Пройдя пашни своей деревни и обглоданный скотом кустарник и пни на месте недавней прекрасной рощи, вырубленной, проданной и пропитой мужиками в ожидании скорого раздела помещичьих земель, бабы через ворота крепкого о сека вышли на Брыкаловское поле. До слуха не вступавшей в разговор Катерины и все время прислушивающейся сперва издалека донеслись неясные людские голоса, потом ближе пофыркивание лошади, топот копыт по сухой земле и тарахтенье телеги.
Катерина остановила заговорившихся спутниц, и они все три прислушались. Людской говор, смех, топот лошади и глухое тарахтенье телеги приближалось.
– Едут, – сказала Катерина.
– Едут, едут. Это наши, пострел их расстрели, проклятых... – отозвалась Палагея, вдруг вновь загоревшаяся злобой на сына.
Немного не дойдя до Брыкаловской усадьбы, на вершине крутого пригорка бабы встретили Сашку с товарищами. Всю дорогу парни, ни о чем предварительно не сговариваясь, нарочно мешкали, и хотя от Хлябина до Шепталова считалось менее четырех верст, на переезд им понадобилось больше двух часов. Они пили водку в Хлябине, выпросив у одной пьяницы-хозяйки чайную чашку, за что ее угощали, потом останавливались на полдороге между Хлябином и Брыкаловом и тоже пили водку, наконец сделали последний привал за Брыкаловской усдьбой и хотя покончили всю водку и все закуски, но простояли еще долго. Наконец всем им надоело стоять.

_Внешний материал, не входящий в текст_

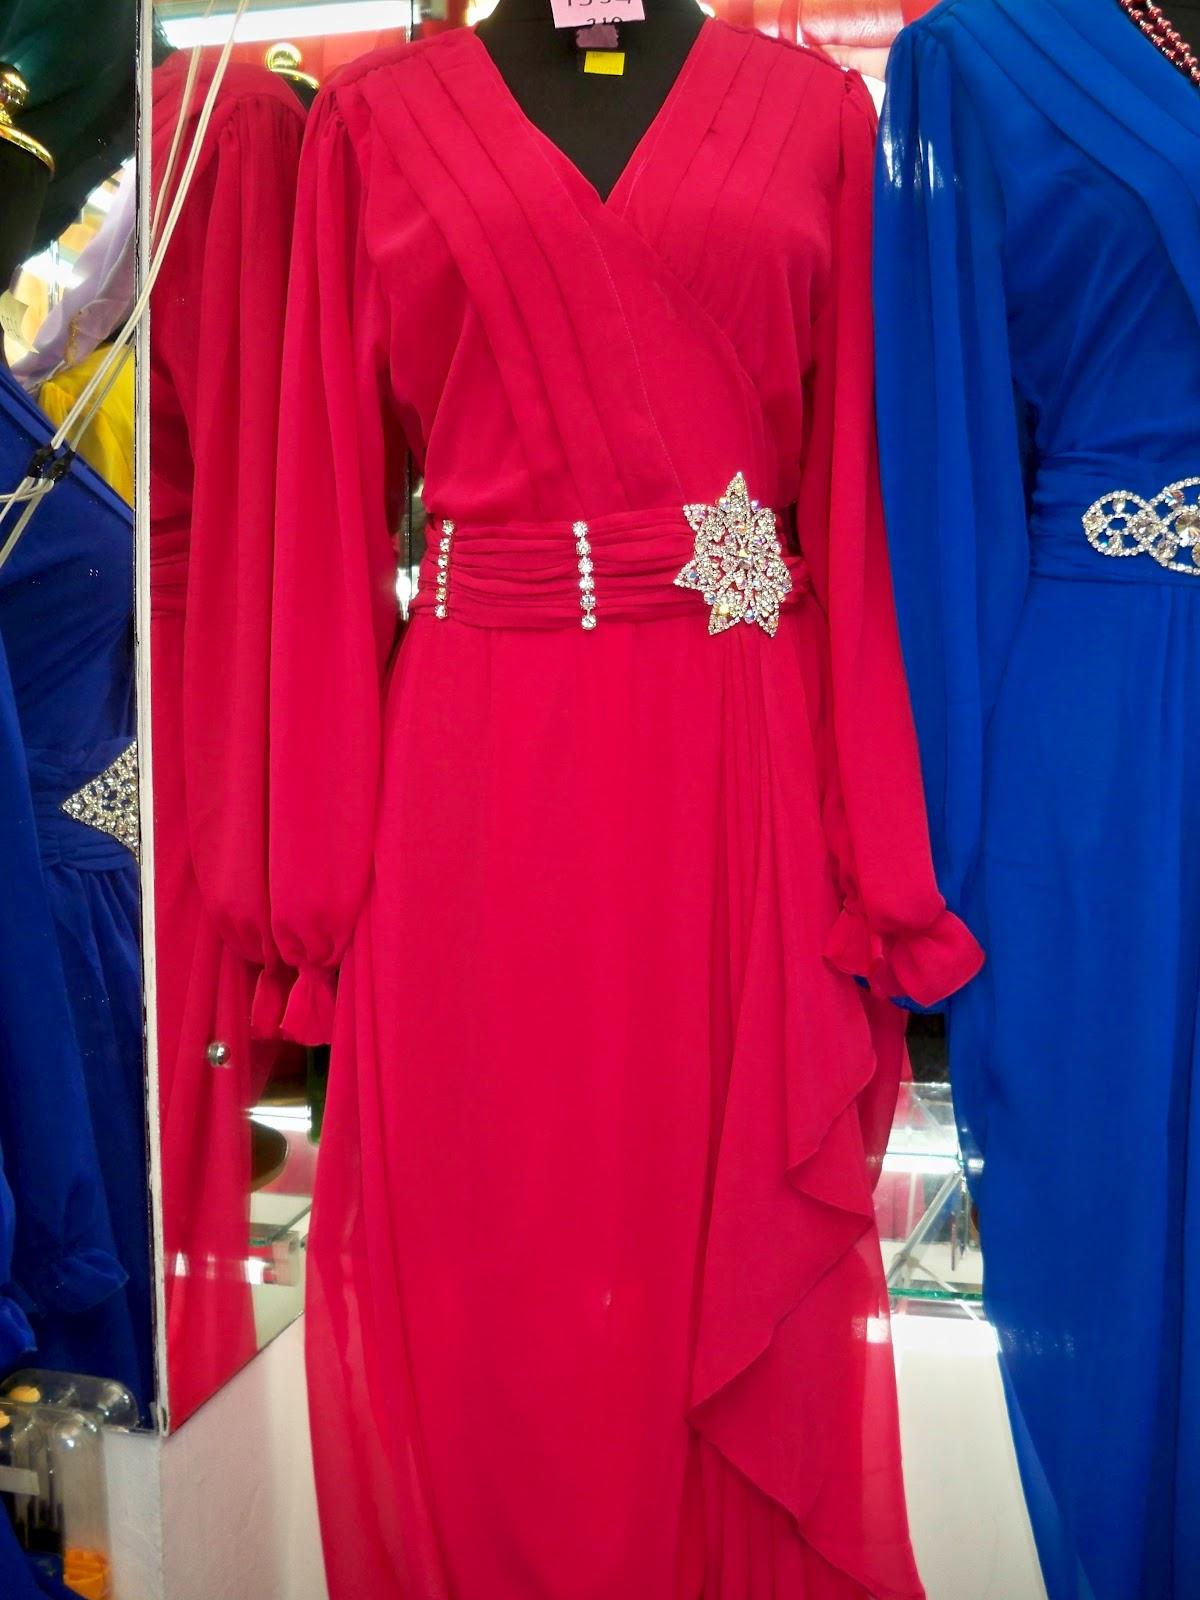 merk agustine jenis baju gaun gamis hiasan sworovski jenis bahan sifon

– Пойдем домой, робя. Чего? – сказал Сашка.
И парни, только что медлившие именно для того, чтобы не встретить никого в деревне и боявшиеся, что еще рано, молча согласились, что вечер уже прошел, что уже прихвачено порядочно ночи и рано ложащийся деревенский люд давно уже мирно почивает. Но только что парни поднялись на вершину пригорка, как встретили баб.
В первое мгновение эта встреча поразила их, как налетевшая невесть откуда нежданная-негаданная гроза.
X
– Ну, што ж, едешь, пес бесхозяйный, пьяница несчастная, вылопни твои глазы! Получил расчет за гнилу, сказывай, получил? Што ж молчишь? аль оглох? – закричала Палагея на сына, когда телега еще не успела поравняться с бабами.